When t exits, the kernel cleans up its Landlock domain. The rest of the test run is unaffected. This is exactly the approach used in LandlockTests.LandlockEnforcesFileRestrictions.

Don't use `Task.Run`

The task scheduler picks threads from the .NET thread pool. Sandboxing a pooled thread leaks the restriction to whatever Task runs on that thread next. Use new Thread(...) so you own the thread's lifetime.

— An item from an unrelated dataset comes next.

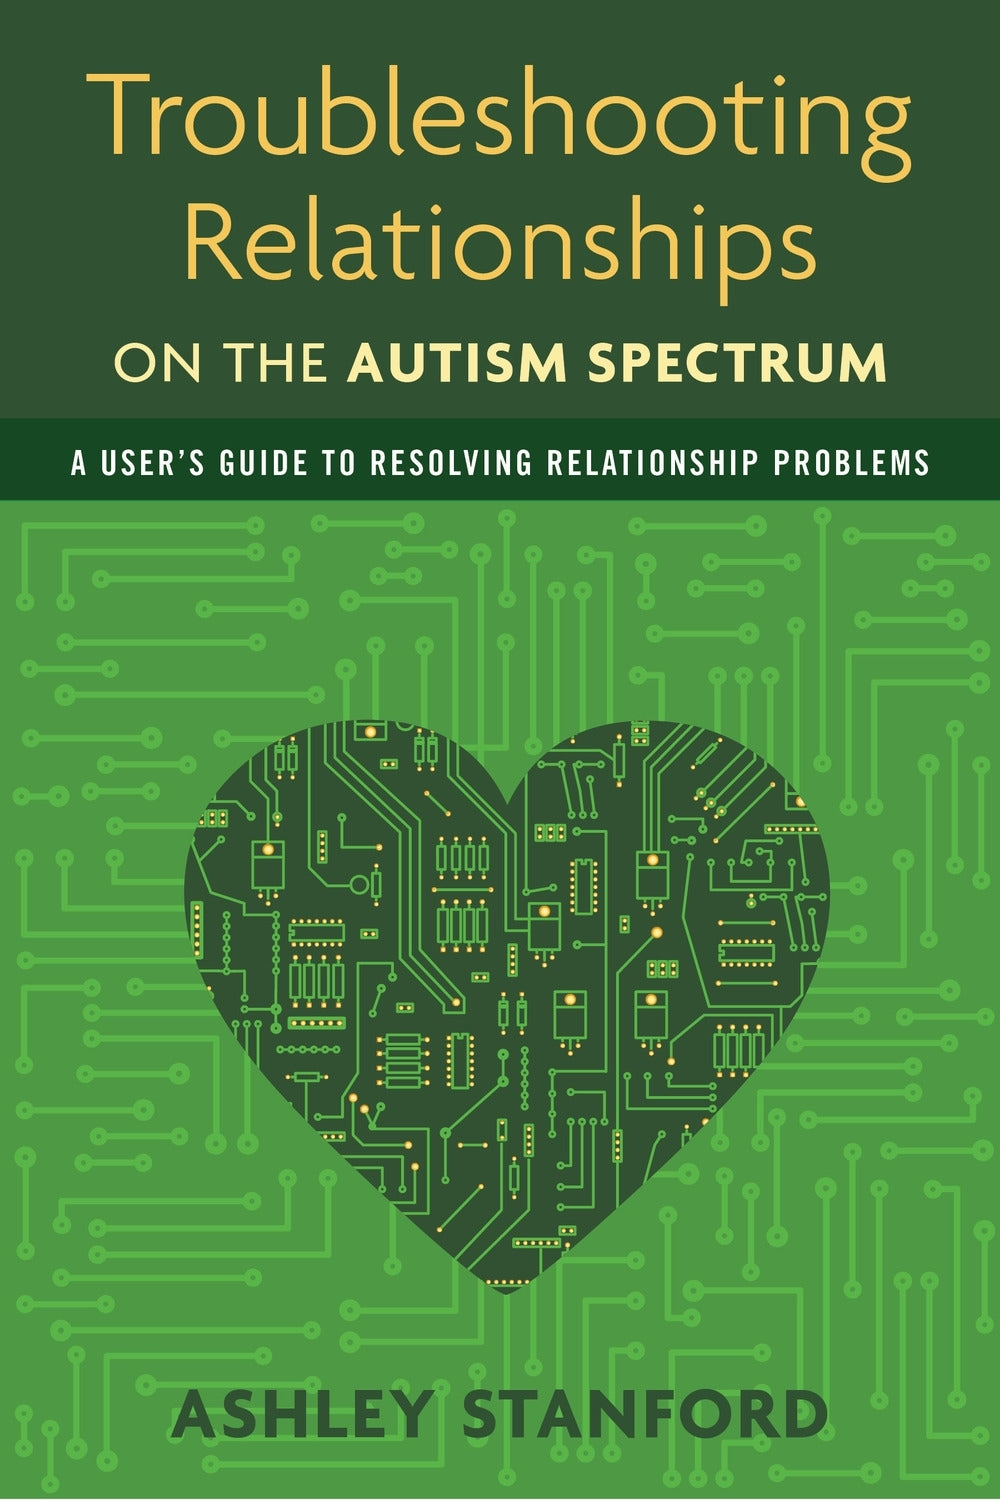 Troubleshooting Relationships on the Autism Spectrum by Ashley Stanford

Pattern 3 — assert that something should be blocked

Most useful Landlock tests have the shape "this access used to work, sandboxing makes it fail." Run the test twice — once with the sandbox, once without — and assert the symmetric outcomes:

private static bool CanRead(string path)
{
    try   { File.ReadAllText(path); return true; }
    catch { return false; }
}

[TestMethod]
public void SandboxBlocksUnlistedPaths()
{
    if (!Landlock.IsSupported()) { Assert.Inconclusive("…"); return; }

    bool inside  = false;
    bool outside = false;

    var sandboxed = new Thread(() =>
    {
        Landlock.CreateRuleset(Landlock.FileSystem.CORE)
            .AddPathBeneathRule("/tmp", Landlock.FileSystem.READ_FILE, Landlock.FileSystem.READ_DIR)
            .Enforce();

        inside  = CanRead("/tmp/hello.txt");
        outside = CanRead("/etc/hostname");
    });

    File.WriteAllText("/tmp/hello.txt", "hi");

    sandboxed.Start();
    sandboxed.Join();

    Assert.IsTrue(inside,   "Read inside the allow-list should succeed");
    Assert.IsFalse(outside, "Read outside the allow-list should be blocked");
}

Pattern 4 — ABI gating

Some tests only make sense above a particular kernel version. Combine Landlock.GetAbiVersion() with Assert.Inconclusive:

[TestMethod]
public void TcpConnectIsBlocked()
{
    if (!Landlock.IsSupported() || Landlock.GetAbiVersion() < 4)
    {
        Assert.Inconclusive("Requires Landlock ABI ≥ 4 (kernel 6.7+)");
        return;
    }

    // … test that uses Landlock.Network.* …
}

The full ABI → kernel table is on the ABI versions page.


Running the suite in CI

Two CI-side things make Landlock tests reliable:

  • Pin the runner image. Newer GitHub Actions / Azure Pipelines / GitLab CI Ubuntu images get newer kernels — and therefore higher Landlock ABIs — over time. Pin to a specific image label if you want stable feature coverage. Lookup tables for runner-image kernel versions live in each provider's docs.
  • Run inside privileged containers. A few container runtimes (e.g. Docker with seccomp profiles that block prctl(PR_SET_NO_NEW_PRIVS)) interfere with Landlock. If IsSupported() returns false inside the container but true on the host, check the container's seccomp profile.

The Landlock-Sharp repo runs its own tests on Ubuntu in Azure Pipelines — see .devops/azure-pipelines.yml in the repo for the current setup.